Recenzja Just Dance 2023 - kolorowy ekran wyboru trenerów, piosenka Watch out for this z czterema postaciami do wyboru

Zadyszka się zmniejsza, czyli końcowe wrażenia z tańczenia w Just Dance 2023

Bardzo zawiódł mnie fakt, że nie udało mi się znaleźć funkcji tworzenia własnych playlist. Owszem, gra poleca mi mnóstwo swoich list odtwarzania, niektóre z nich są nawet robione na podstawie moich aktywności. To przydatna opcja, jednak byłaby jeszcze przydatniejsza, gdybym mogła sama sobie stworzyć swoją playlistę z ulubionymi piosenkami i tańczyć je po kolei bez niekończącego się klikania i wyszukiwania po każdej z nich.

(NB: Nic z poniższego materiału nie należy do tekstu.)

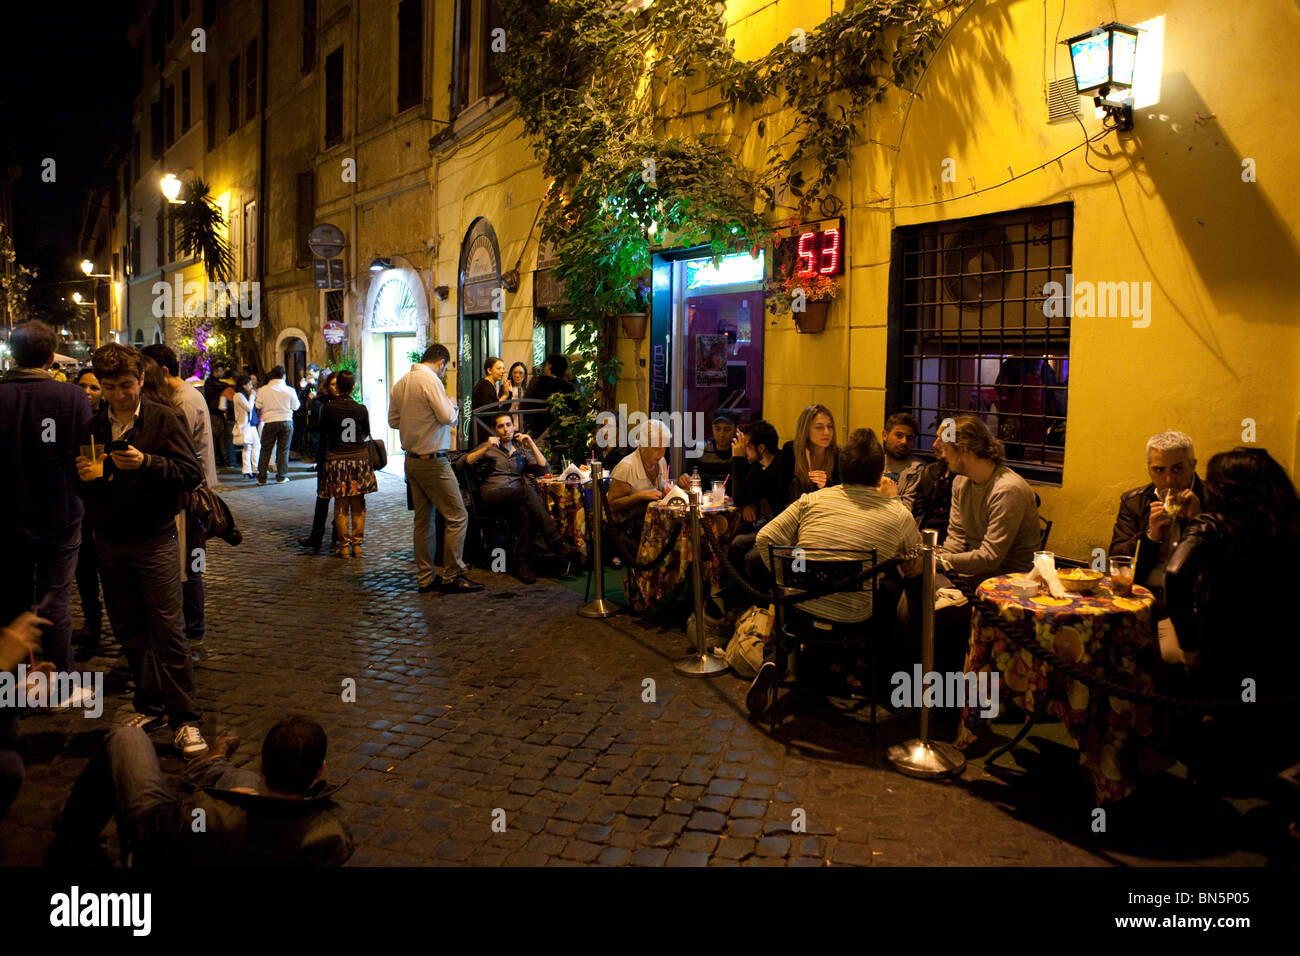 La vita notturna a Trastevere, Roma, Italia Foto stock - Alamy

Ostatecznie po roku pewnie będę mieć ochotę na odnowienie subskrypcji, bo tańczenie do znanych i lubianych piosenek cieszy o wiele bardziej. Jednak na razie się powstrzymuję. Mimo że zadyszka jest już trochę mniejsza, niektóre z moich ulubionych utworów są naprawdę wymagające! Gdybym chciała po przetańczeniu ich iść dalej, musiałabym chwilkę odpocząć. A teraz wybaczcie, idę zdobyć 5 gwiazdek w Disco Inferno. Na razie mam tylko cztery. Do diabła, tym razem dam radę!

Produkcję ogrywałam na Xboksie Series S, a cała recenzja Just Dance 2023 powstała dzięki uprzejmości Ubisoftu, od którego dostałyśmy kod oraz subskrypcję Just Dance+ na rok.